Design and construction
- Architect: Building Design Partnership

References

= Owens Park =

Owens Park was a large hall of residence located in the Fallowfield district of the city of Manchester, England. The site is owned by the University of Manchester and housed 1,056 students. Owens Park is a significant part of the Fallowfield Campus of the University of Manchester. The terms 'Owens Park' and 'Fallowfield Campus' are sometimes used interchangeably.

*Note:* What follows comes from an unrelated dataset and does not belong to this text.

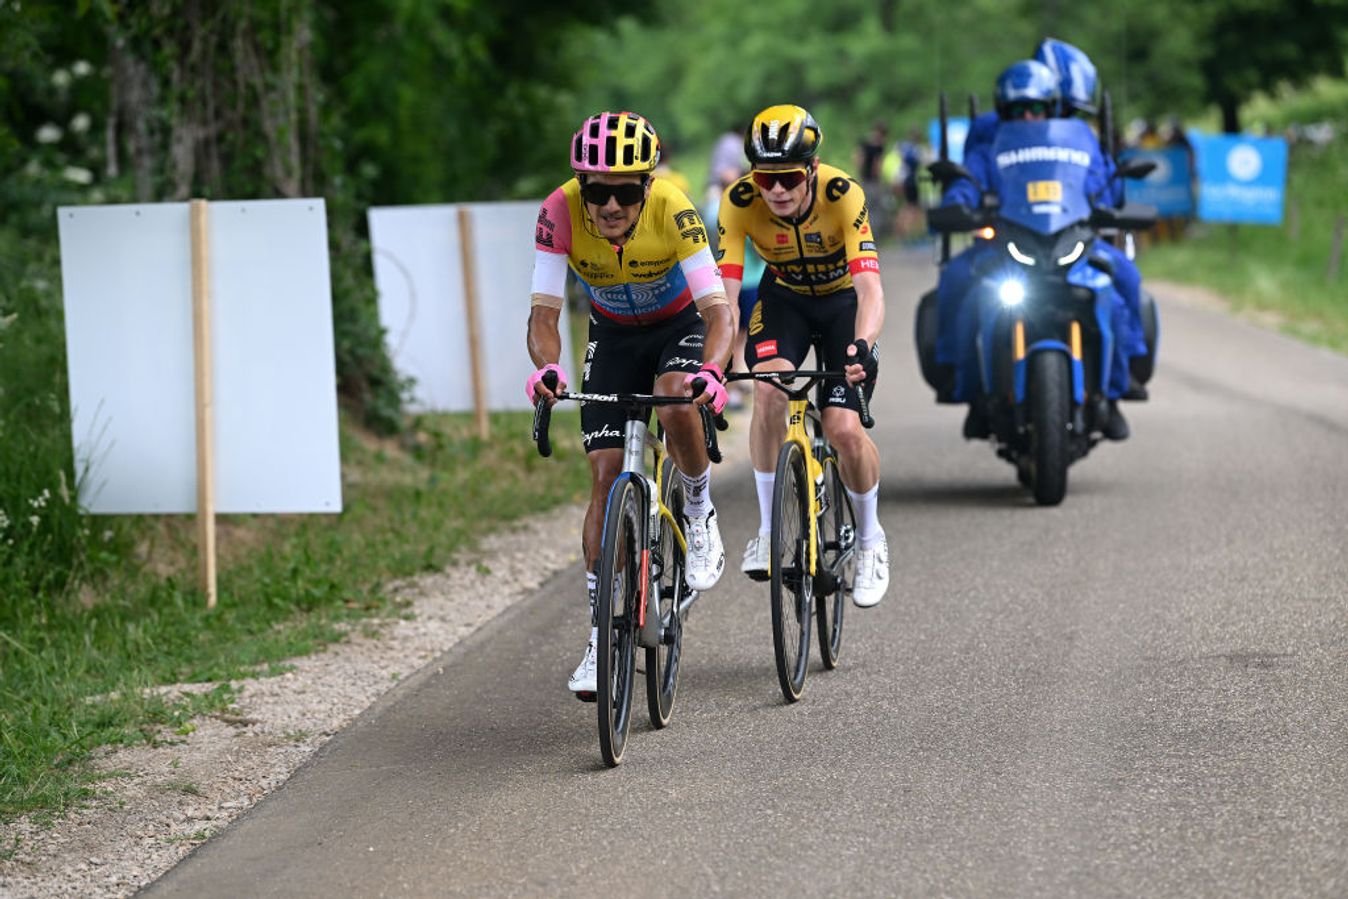 Richard Carapaz and Jonas Vingegaard on the attack at the 2023 Critérium du Dauphiné
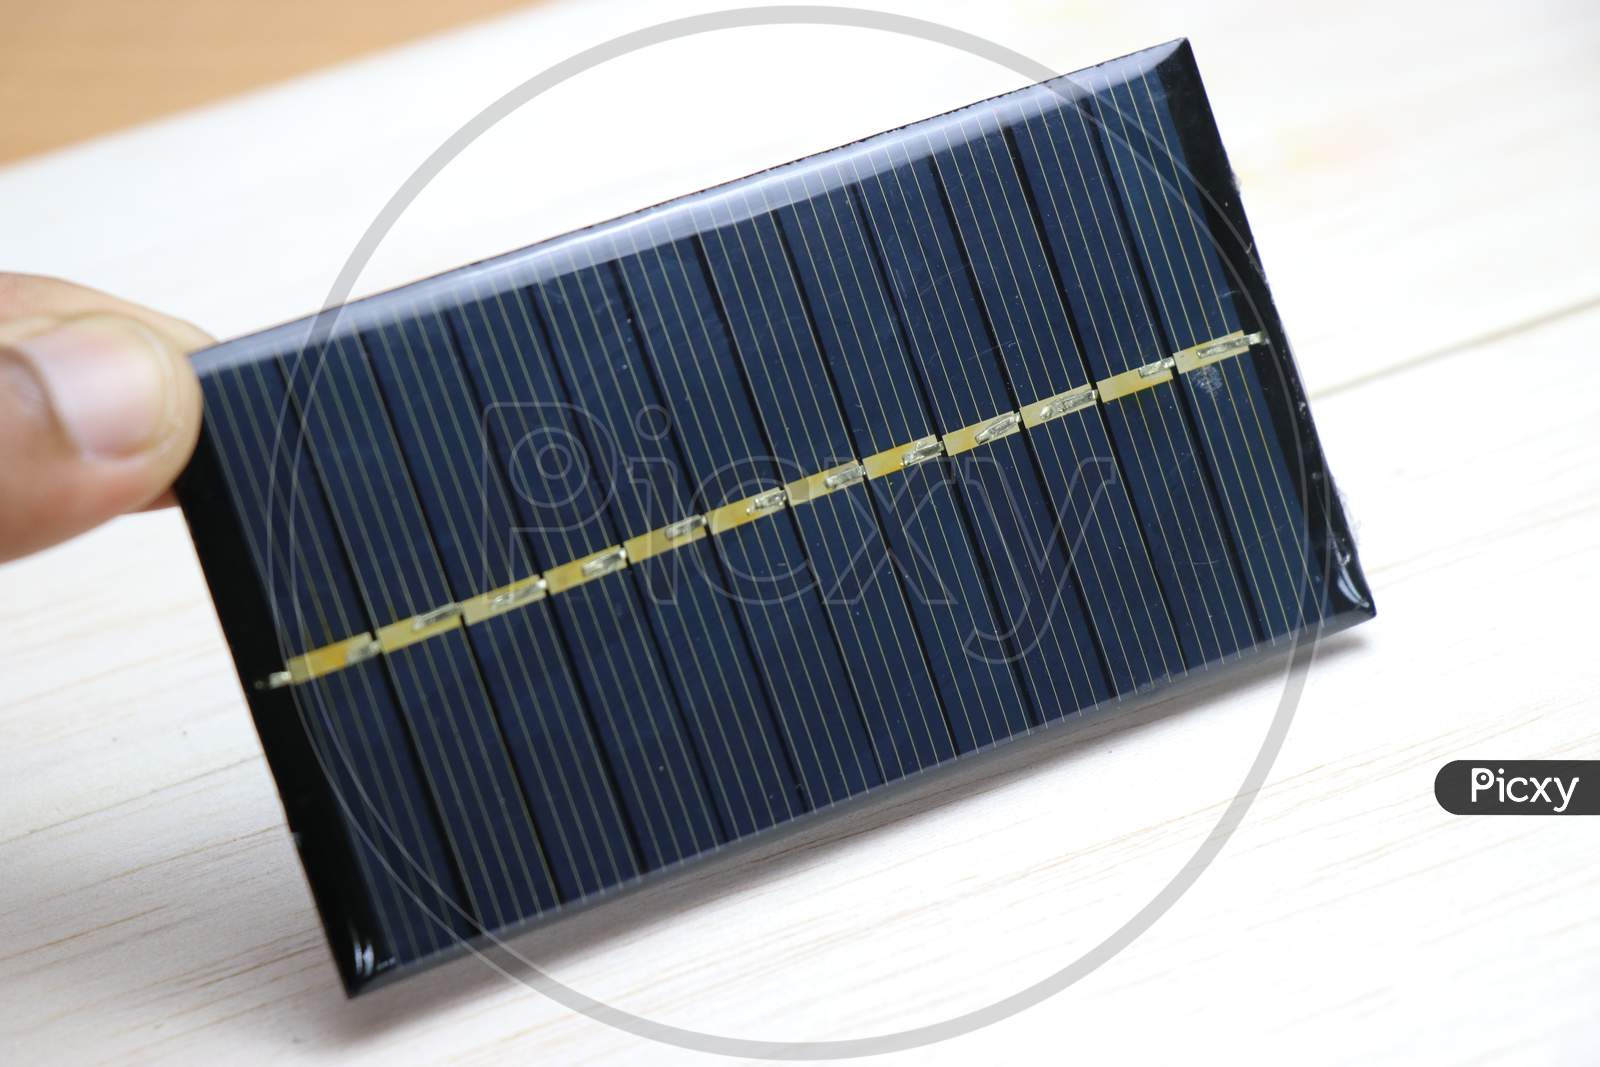 Mini Solar Cell Which Can Be Used For Small Solar Lamps,Mini Solar Cars,Solar Mobile Battery Chargers And Many More Applications

The first phase was completed in 1964 and the second in 1965.

The tower was vacated in 2021 and demolition completed in 2025.

== History ==
The hall, designed by Building Design Partnership, and built in 1964–66, was most notable for its 61 m tower, which had become a local landmark. It had a fibreglass relief, Cosmos I, by Mitzi Cunliffe, at the base.

A 2001 plan by the University of Manchester to demolish the tower in 2004 was subsequently abandoned as a result of protests by current and past residents. In 2005 a refurbishment programme was planned. It was announced in 2014 that Owens Park was due to be demolished as part of the plans to redevelop the Fallowfield Campus with brand new student accommodation.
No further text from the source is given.